## Task objective
From the line with "Bảng giá xe" to the line with "7.2 Definition der", retype each line exactly as it stands in the records below, but skip the pictures.

## Study material
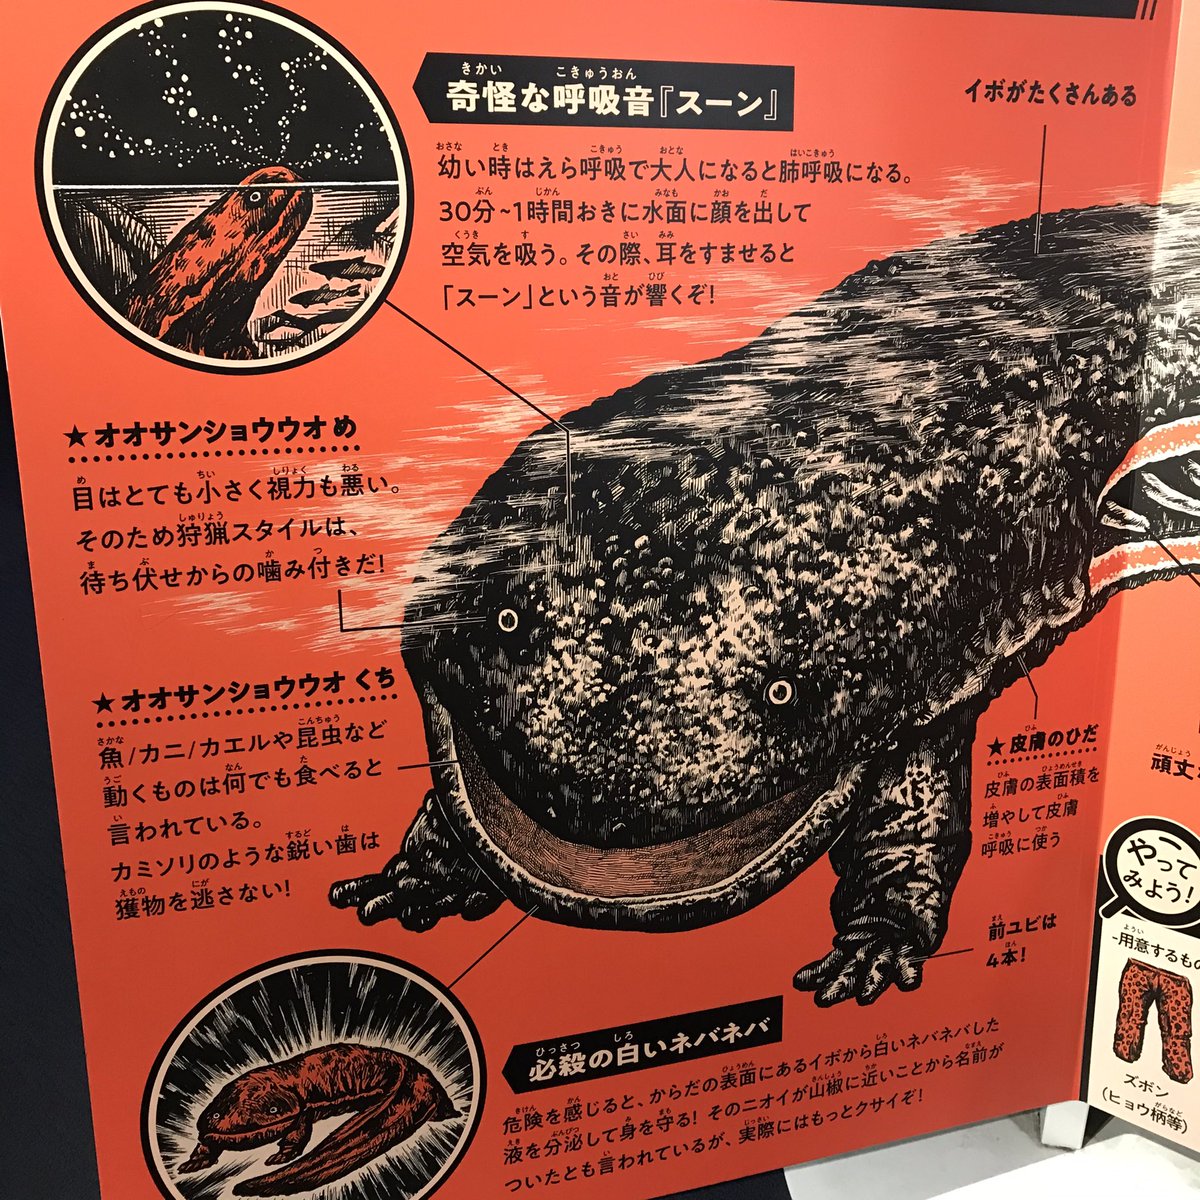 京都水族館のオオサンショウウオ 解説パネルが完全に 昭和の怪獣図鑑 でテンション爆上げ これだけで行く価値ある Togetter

--

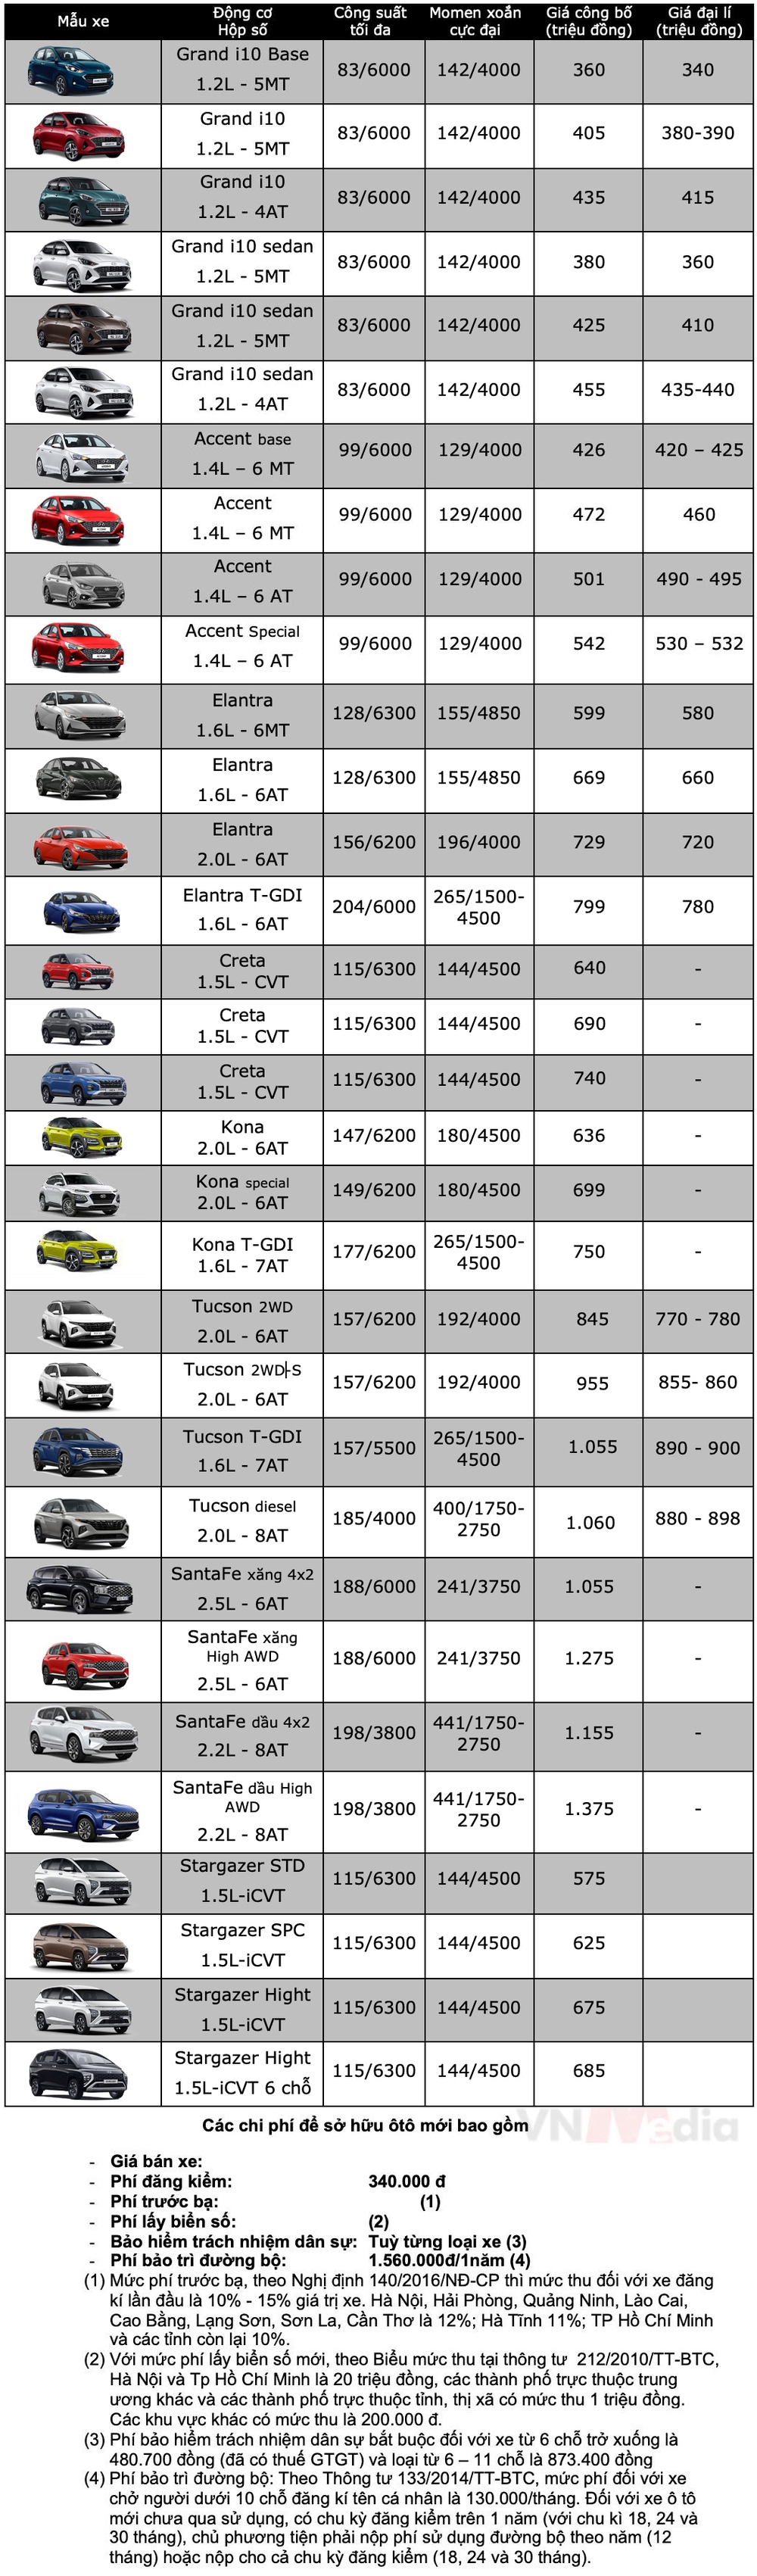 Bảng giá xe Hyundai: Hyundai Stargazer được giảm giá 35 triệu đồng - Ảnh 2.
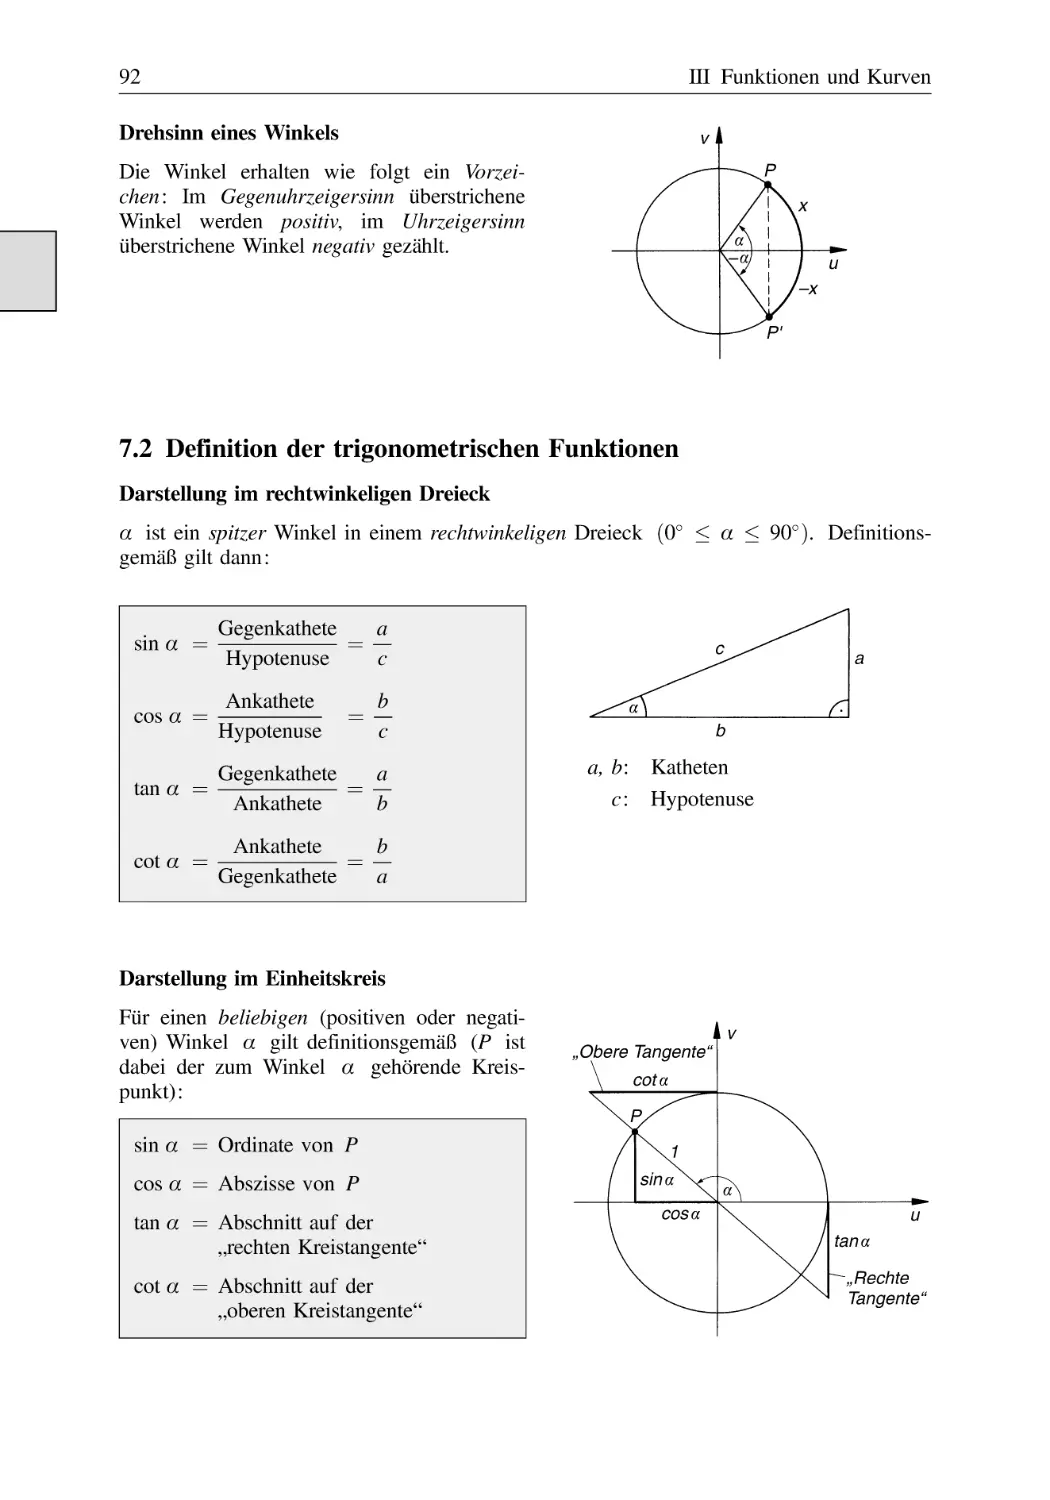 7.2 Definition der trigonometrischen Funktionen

## The answer
 Bảng giá xe Hyundai: Hyundai Stargazer được giảm giá 35 triệu đồng - Ảnh 2.
 7.2 Definition der trigonometrischen Funktionen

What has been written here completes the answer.